» **ASSIGNMENT**
The required output is the line with "lat posare di" plus all lines that follow it to the end of the listing below, written out exactly, with no pictures.

» **DATA BELOW**
▬▬▬

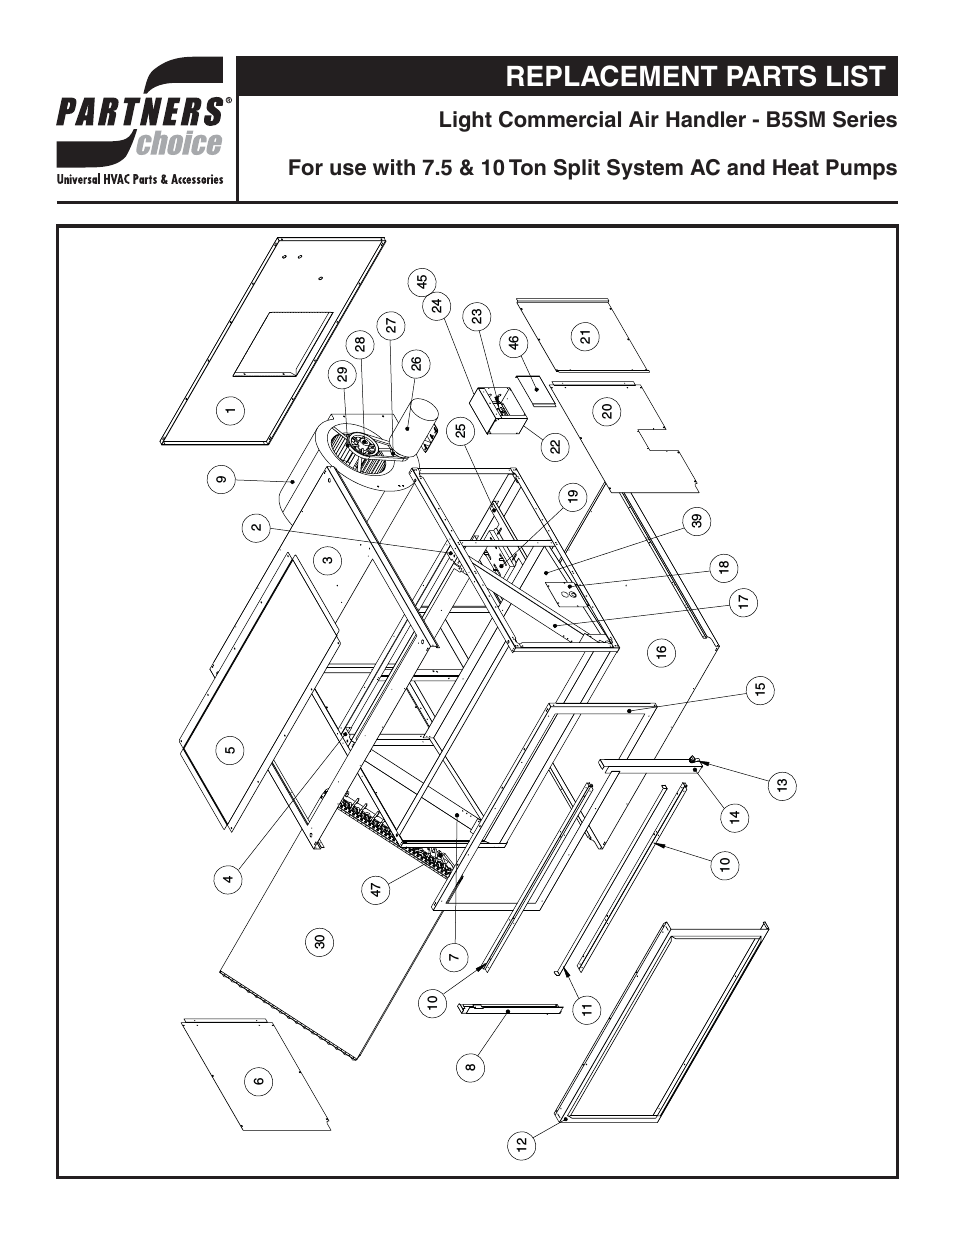 B5SM Parts Manuals
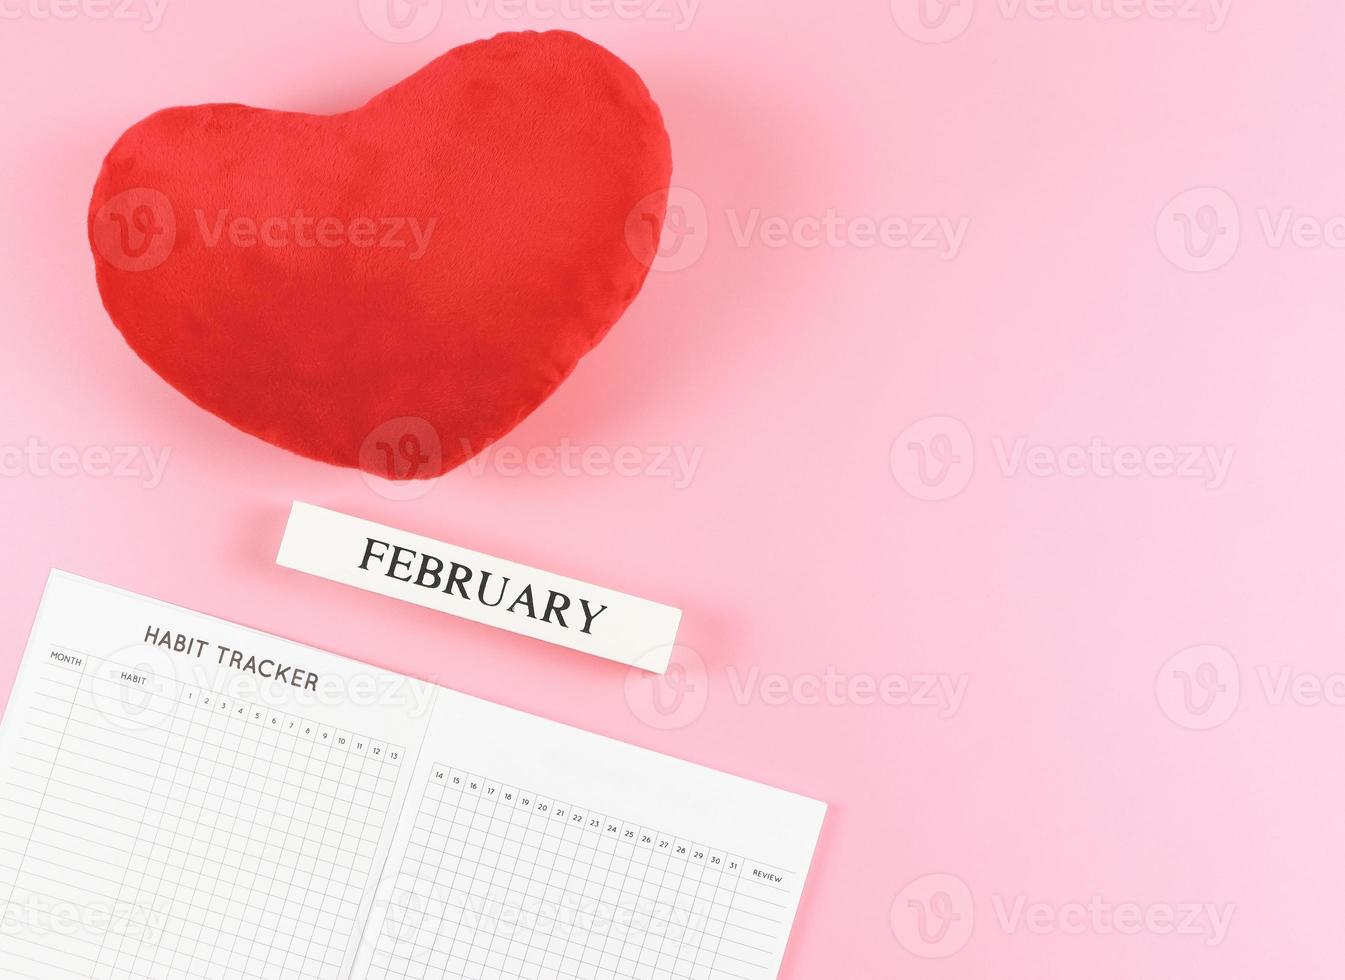 lat posare di abitudine inseguitore prenotare, di legno calendario febbraio, rosso cuore forma cuscino su rosa sfondo con copia spazio. foto
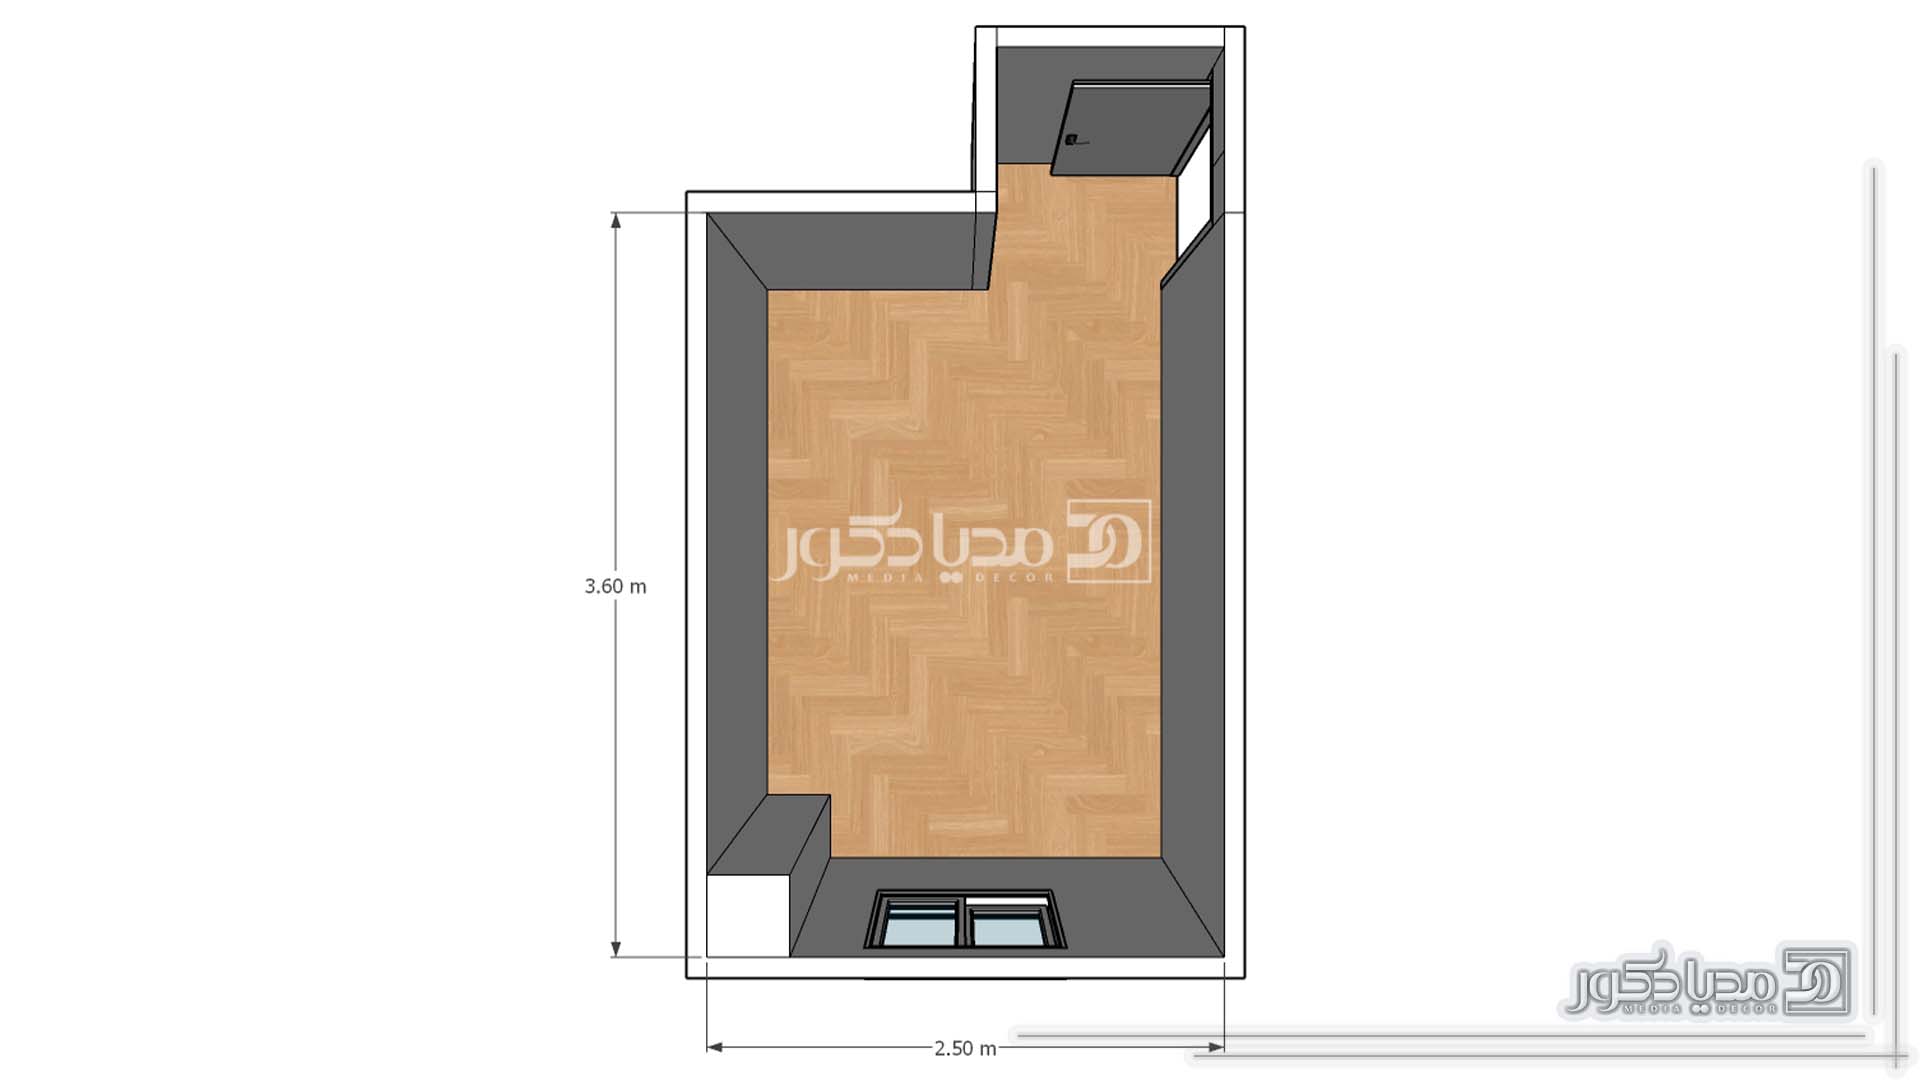 پلان اتاق خواب 9 متری با ابعاد 360 در 250 سانتیمتر
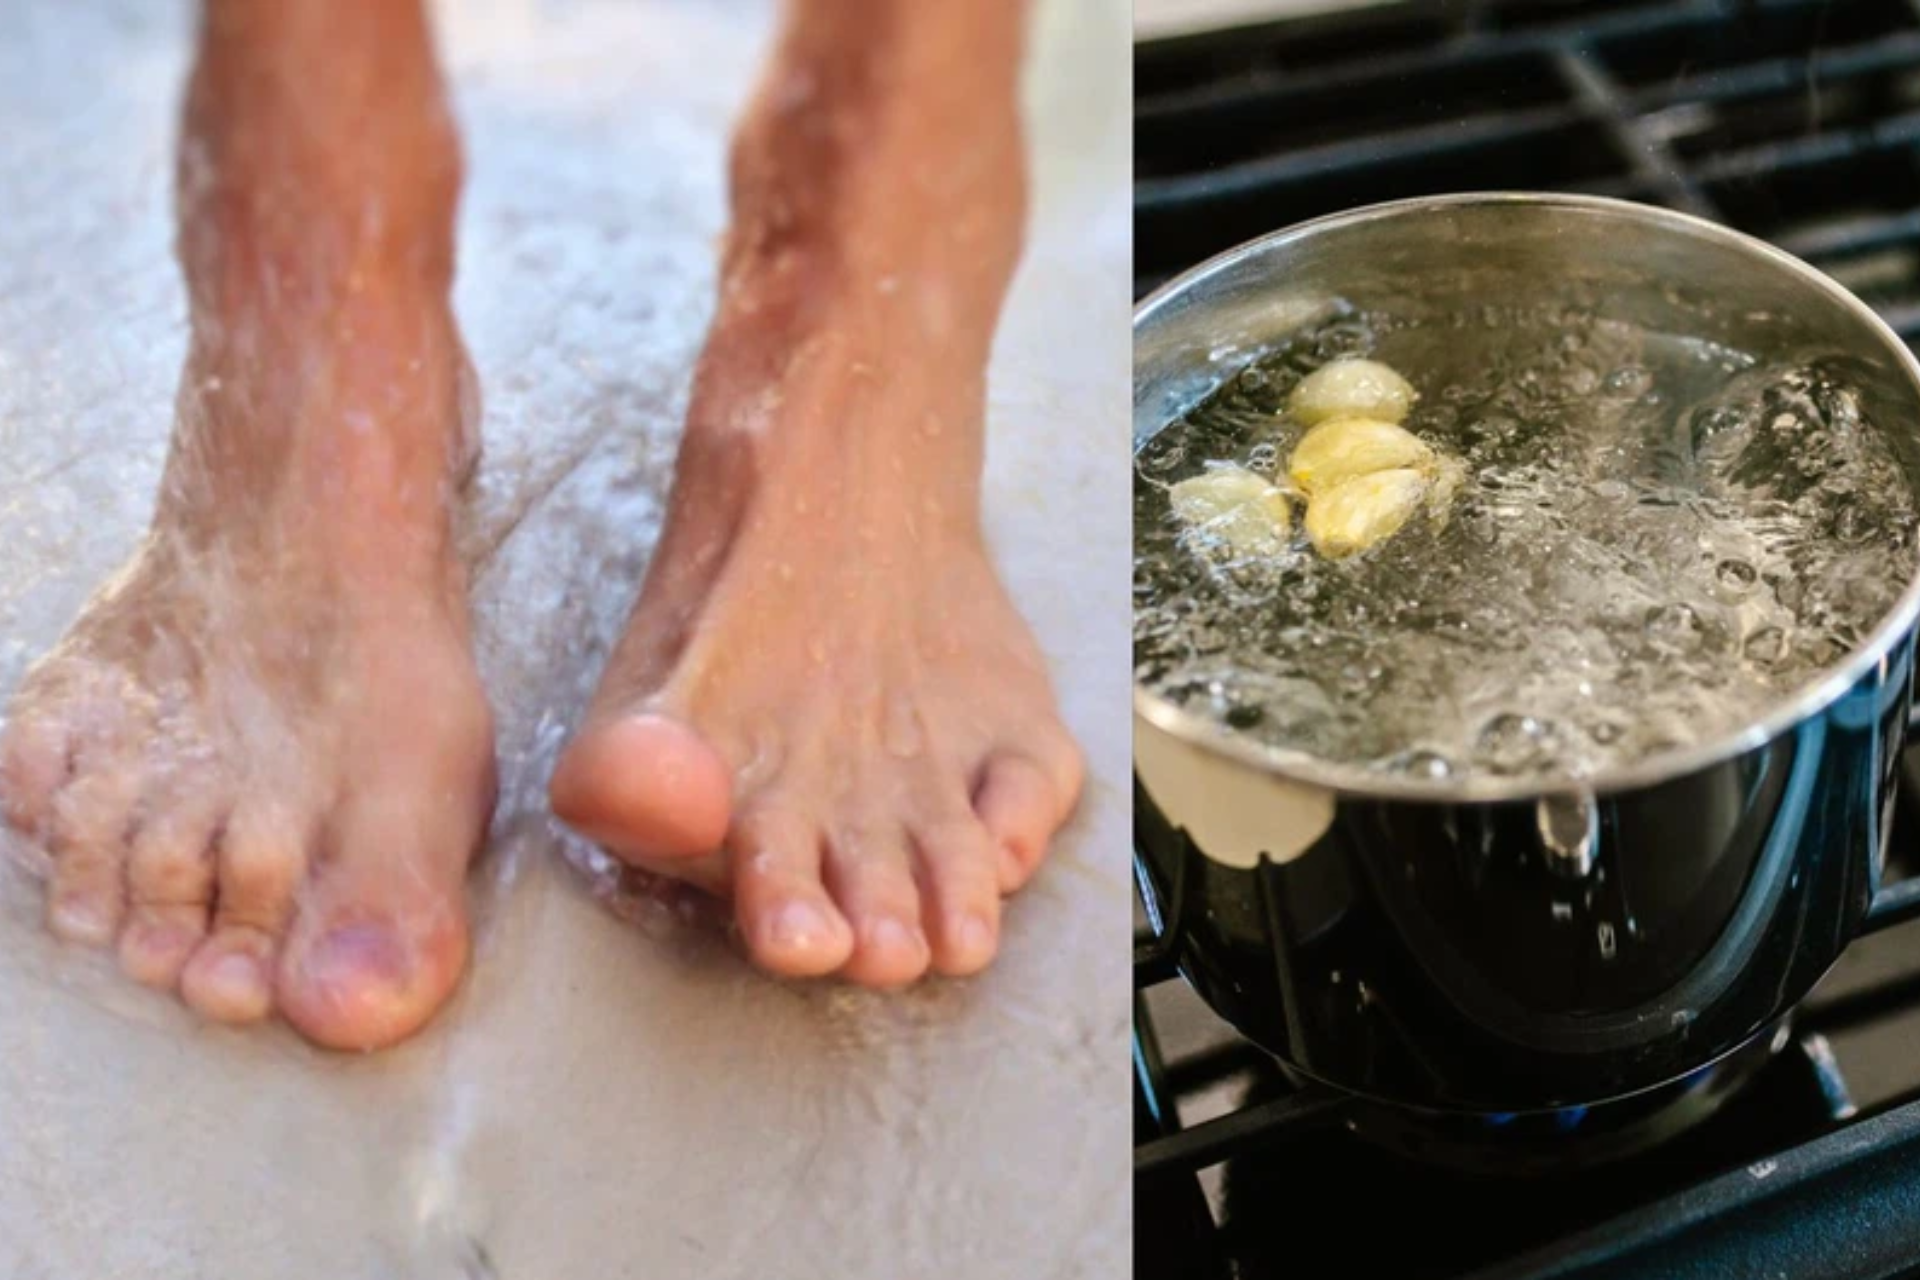 soaking feet in warm water

▬▬▬

» **EXERCISE SOLUTION**
 lat posare di abitudine inseguitore prenotare, di legno calendario febbraio, rosso cuore forma cuscino su rosa sfondo con copia spazio. foto
 پلان اتاق خواب 9 متری با ابعاد 360 در 250 سانتیمتر
 soaking feet in warm water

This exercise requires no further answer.